Dr. Mario Santoro

Title: Recent achievements in the synthesis of carbon nano-threads and in the hydrogen insertion in zeolites

Language: English presentation

Time: 2024/06/13 10:00-11:00

Place:  Conference room 410, HPSTAR (shanghai)

             Online:  Tencent Meeting:  https://meeting.tencent.com/dm/e6QEf1PXVyss

Meeting ID:  597-487-340

Host:  Dr. Federico Gorelli

ABSTRACT:

The content of the seminary will be twofold. In the first part, I will present novel carbon nano-threads obtained at high pressures. Indeed, the synthesis of hydrogenated carbon nanothreads at tens of GPa from aromatic systems is one of the most brilliant recent findings in high-pressure science. C-nanothreads combine the high tensile strength of diamond with the high flexibility of polymers, and many efforts are currently being undertaken to tailor some useful physicochemical properties by smartly modifying their local structure. I will present the synthesis of double core diamond-like nanothreads with the two cores being bound by a conjugated C, polyacetylene-like backbone. The two cores also form a protecting sheath for the backbone. This material exhibits an optical bandgap of 1.74 eV, similar to polyacetyelene; it is then very attractive as a potential organic semiconductor with simultaneous outstanding mechanical properties. The synthesis was achieved by reacting diphenylacetylene in diamond anvil cells, at 25−30 GPa and room temperature, and the materials were characterized by optical spectroscopy, synchrotron X-ray diffraction, and ab initio computer simulations. I will also show the synthesis of millimeter-sized samples of these new materials, achieved in a large volume, multi-anvil two-stage press. In the second part of the seminary, I will show how hydrogen can be, in principle, efficiently stored in micro-porous materials such as the zeolites. Indeed, we found that molecular hydrogen, used as the pressure transmitting medium, very efficiently fills and ultimately saturates the 1D pore systems of siliceous zeolites at high pressure, based on x-ray diffraction, Raman spectroscopy and Monte Carlo simulations. More importantly, we observed that zeolites of this type, when compressed in H2, undergo first-order phase transitions in the GPa regime, with volume jumps of up to 22%, which in turn are driven by the hydrogen uptake that discontinuously increases from 0.5-0.8 H2/SiO2 unit to 1.5-1.7 H2/SiO2 unit.

BIBLIOMETRIC PARAMETERS:

-PAPERS (ISI WEB OF SCIENCE AND SCOPUS): 125

-H-INDEX (ISI WEB OF SCIENCE AND SCOPUS): 34

EDUCATION AND APPOINTMENTS

1994 Graduated in Physics, Univ. of Florence.

1994-1997 Ph. D. in Solid State Physics, Univ. of Florence.

1998-2000 Post-doc Fellowship at LENS, Florence, Italy.

2000-2011 Research Scientist, LENS.

2011-2019 Researcher, IFAC-CNR and then INO-CNR.

2019 (Nov)-2019 (Dec) Senior Researcher, INO-CNR.

2020 (Jan)-Today Research Director, INO-CNR.

VISITED LABORATORIES (High Pressure Physics)

- June-July 2021, visiting scientist, ICGM of Montpellier, France.

- April-May 2019, Invited Professor, ISSP of Hefei, CAS, China, awarded by the CAS President’s International Fellowship Initiative (PIFI).

- April 2017, Invited Professor, ISSP of Hefei, CAS, China.

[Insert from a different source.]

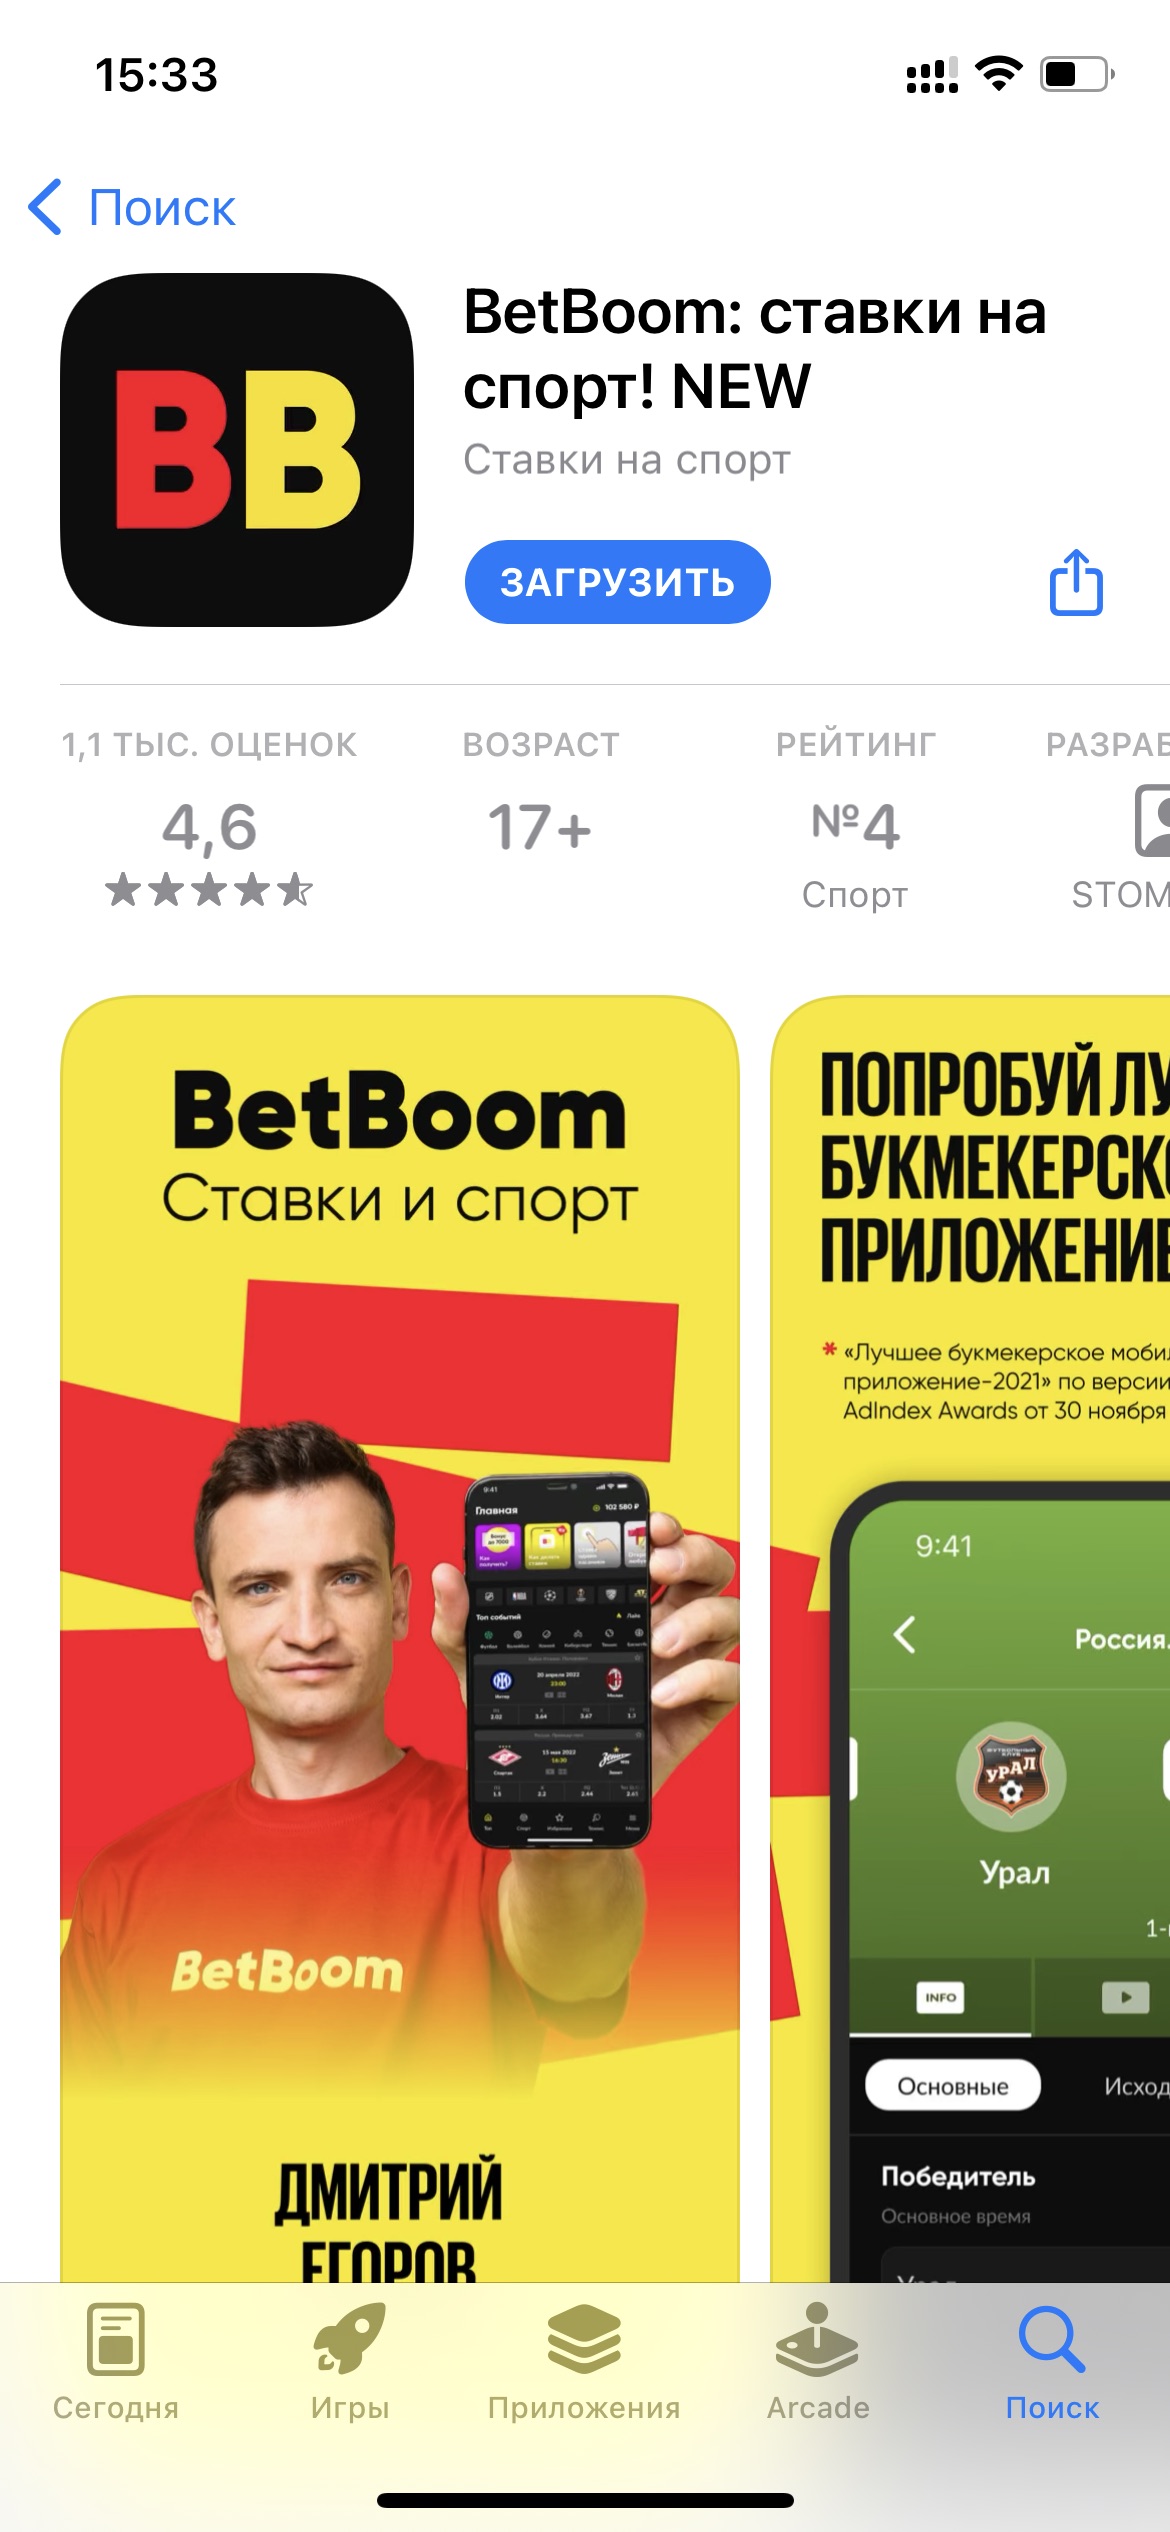 Страница приложения БК BetBoom для ioS в магазине AppStore

- Sept.-Oct. 2013, Invited Professor, ICGM, France.

- Sept.-Oct. 2011, Invited Professor, Univ. of Nîmes, France.

- Sept.-Oct. 2010, Invited Professor, Univ. of Nîmes, France.

- Sept.-Oct. 2009, Invited Professor, Univ. of Montpellier II, France.

- June 2003-July 2004, Post-Doc Associate, Geophysical Lab. of the Carnegie Inst. of Washington, U.S.A.

- June 2001, visiting sci., CNRS-LPCM, Meudon, France.

- Since 2000, user of synchrotron and neutron facilities. Granted beam times: 71.